Reproduce, from the lines below, exactly the stretch that begins at the line containing "I.S.I. 350050-02 PCA" and ends at the line containing "Neurology and human", both included.

* Source material:
-=-=-

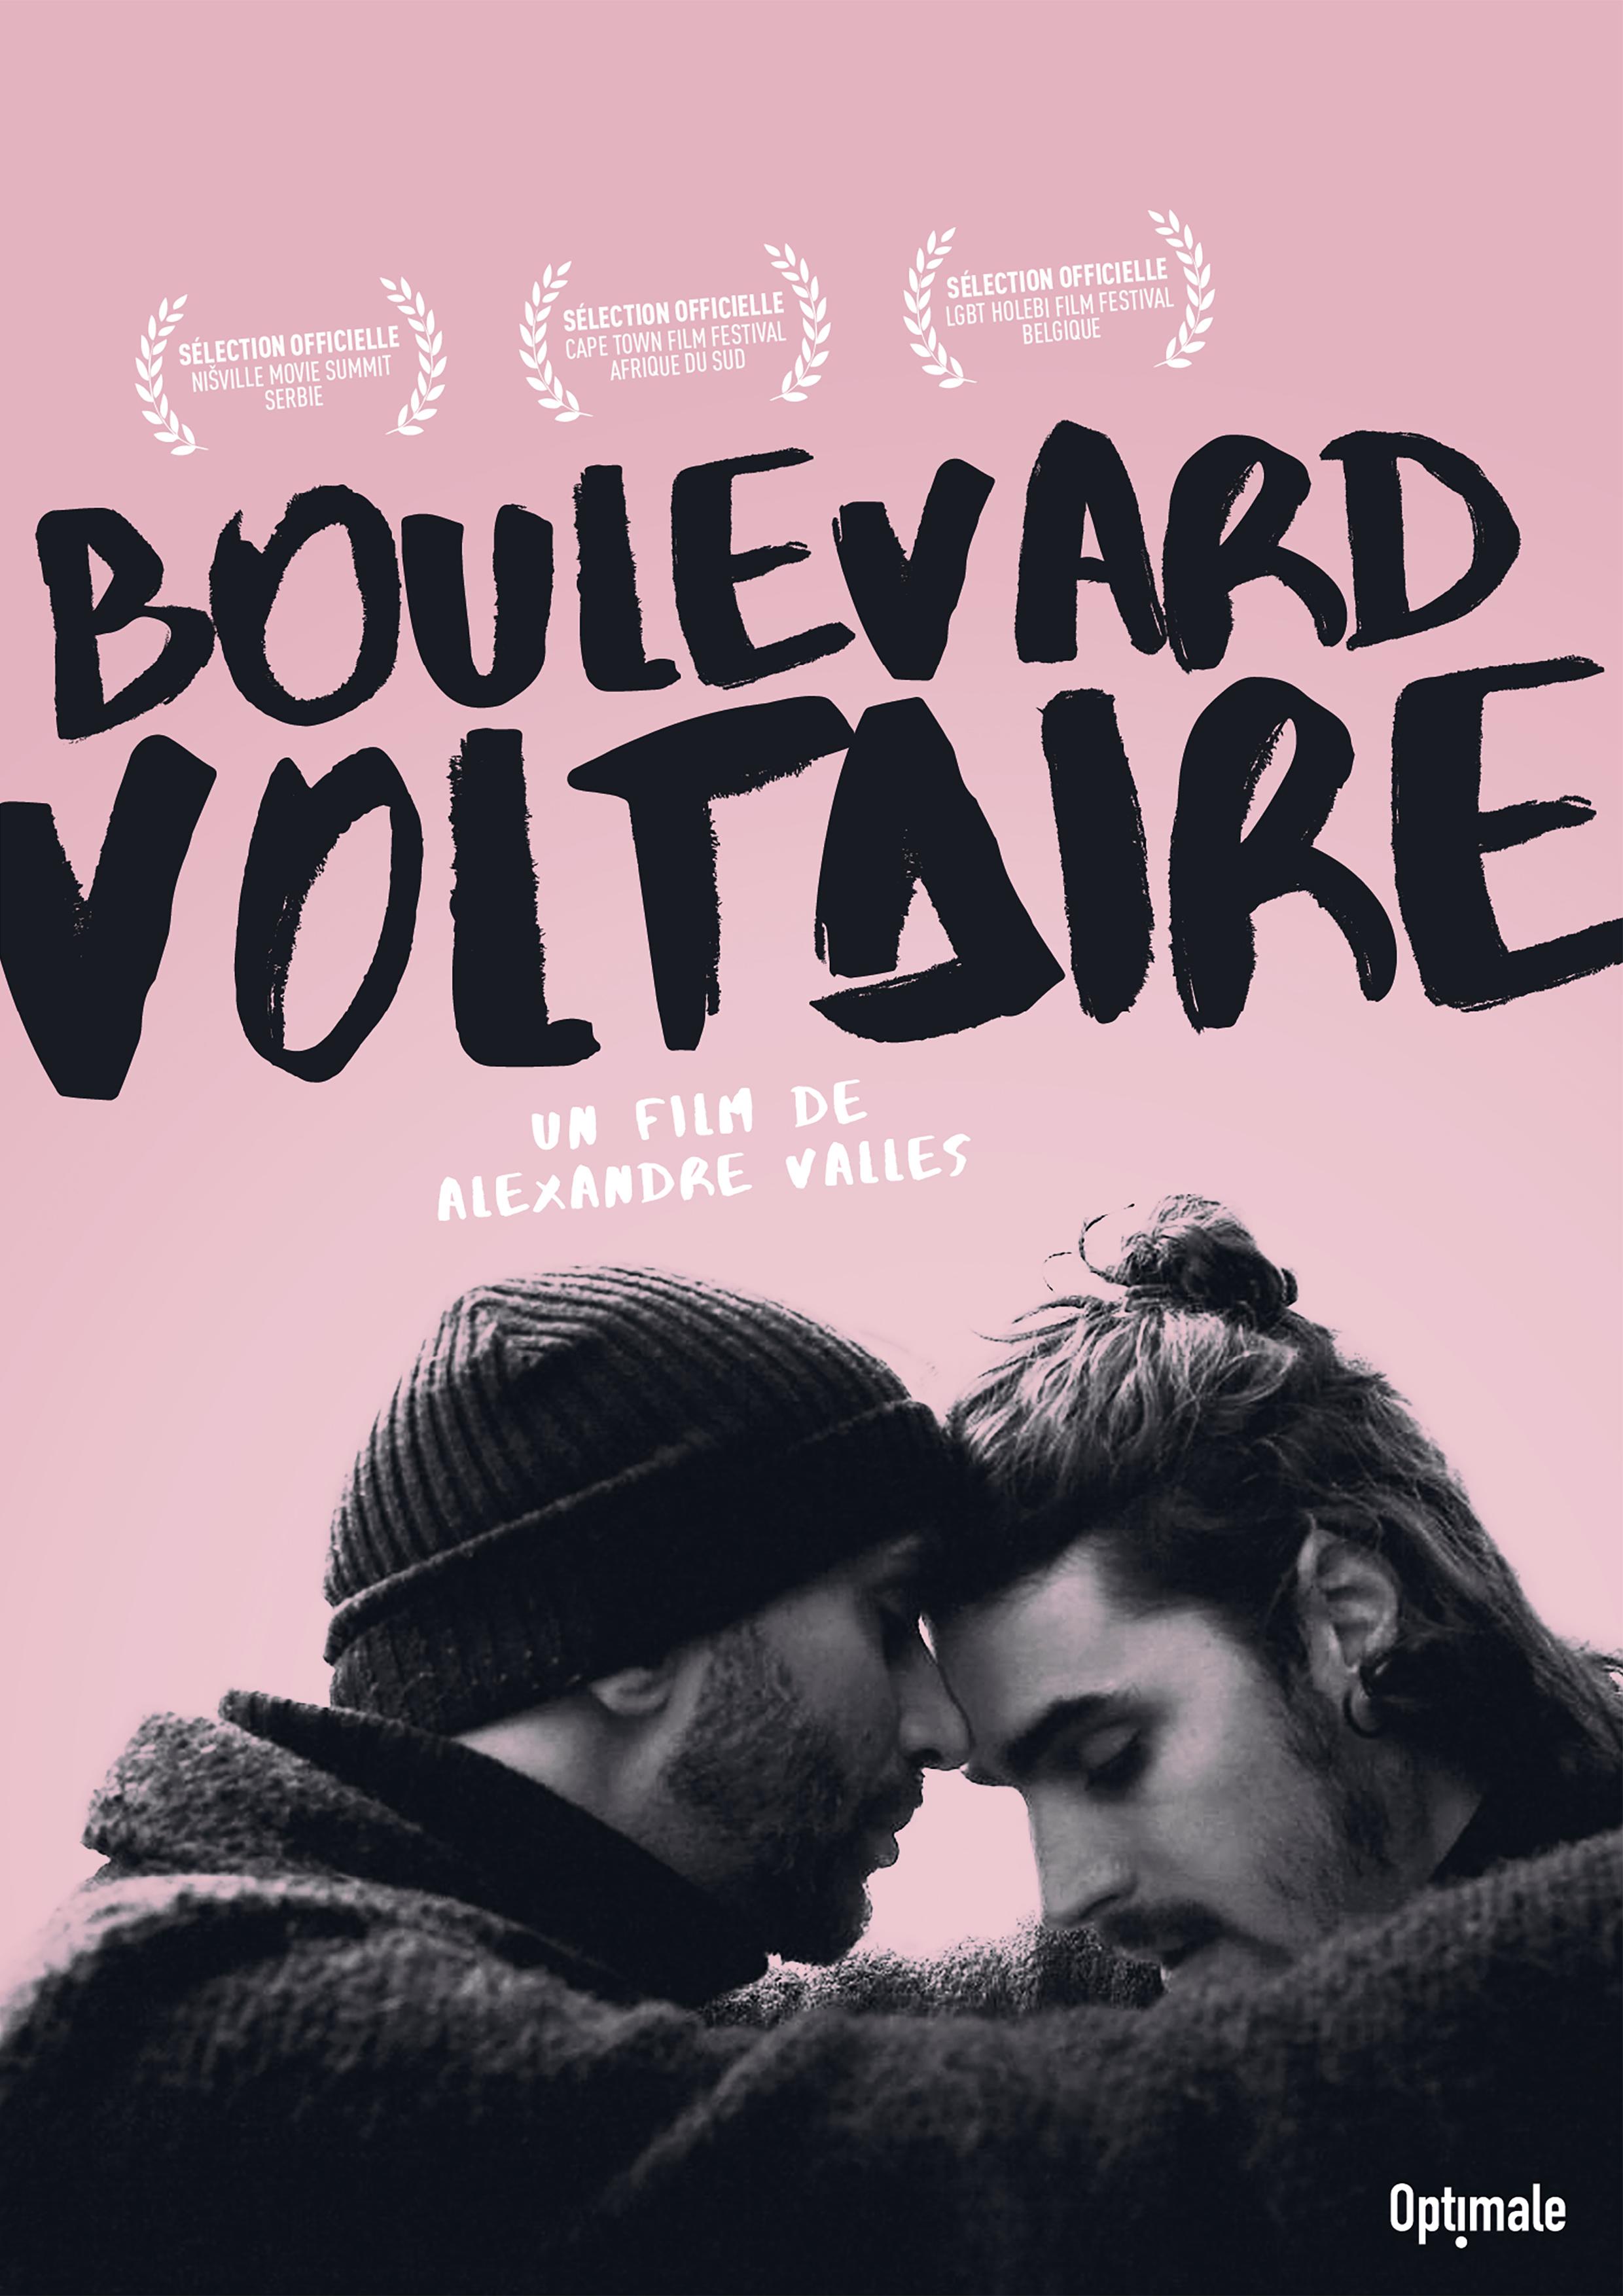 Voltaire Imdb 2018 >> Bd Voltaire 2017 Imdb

-=-=-

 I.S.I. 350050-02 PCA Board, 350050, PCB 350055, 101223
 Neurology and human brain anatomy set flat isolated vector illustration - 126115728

-=-=-

* Result below:
 I.S.I. 350050-02 PCA Board, 350050, PCB 350055, 101223
 Neurology and human brain anatomy set flat isolated vector illustration - 126115728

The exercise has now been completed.